Install these libraries using pip:
pip install dataiku-api-client taipy
Connecting to Dataiku¶
Requirements:
- A Dataiku Instance.
- A Dataiku Project.
- A knowledge of the Dataiku Python API.
Use the DSSClient
from the dataikuapi
package to establish a connection with
your Dataiku instance. Replace "http://your-dataiku-instance.com"
and
"your_api_key"
with your actual Dataiku host and API key.
from dataikuapi import DSSClient
host = "HOST"
apiKey = "your_api_key"
client = DSSClient(host, apiKey)
Retrieving Data from Dataiku¶
Fetch data from your Dataiku projects by iterating through the projects and
collecting relevant metrics for each model. This example code retrieves metrics like
AUC and organizes them into a pandas.DataFrame
.
metrics_table = []
for project_keys in client.list_project_keys():
project = client.get_project(project_keys)
project_label = project.get_metadata()["label"]
for model_id in project.list_saved_models():
model = project.get_saved_model(model_id["id"])
try:
active_id = model.get_active_version().get("id", None)
metrics = model.get_metric_values(active_id)
for metric in metrics.raw['metrics']:
value = metric['lastValues'][0]['value']
metrics_table.append({'Project': project_label,
'ModelId': model_id['id'],
'ActiveId': active_id,
'MetricType': metric['metric']['metricType'],
'Value': value})
except Exception as e:
print(e)
pass
metrics_df = pd.DataFrame(metrics_table)
Preparing Data for Visualization¶
Before visualization, you may need to prepare your data further.

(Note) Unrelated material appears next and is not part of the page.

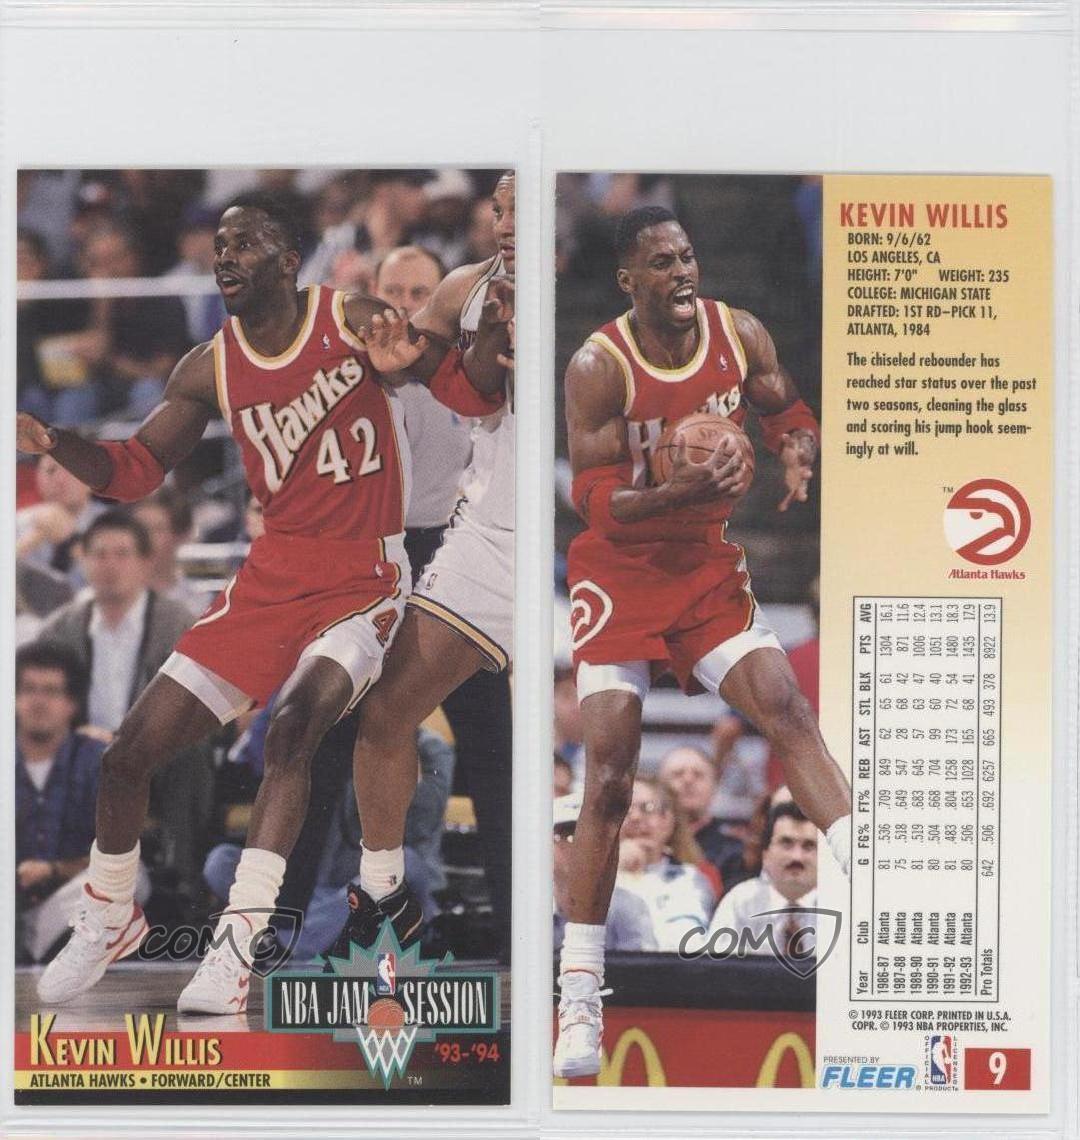 1993-94 NBA Jam Session #9 Kevin Willis Atlanta Hawks

For instance, you can concatenate certain columns to form a unique identifier or name for each entry. Here, we add a 'Name' column to our DataFrame.
metrics_df['Name'] = metrics_df[['Project', 'ModelId', 'MetricType']].agg(' - '.join, axis=1)
Creating a Taipy Application¶
Create your own Taipy application to visualize all this information. It can include dynamic selectors for projects and metrics, a table to display data, and a bar chart for visualizing metric values.
from taipy.gui import Gui
selected_projects = list(metrics_df['Project'].unique())
selected_metrics = ["AUC"] # Initially focusing on AUC metrics.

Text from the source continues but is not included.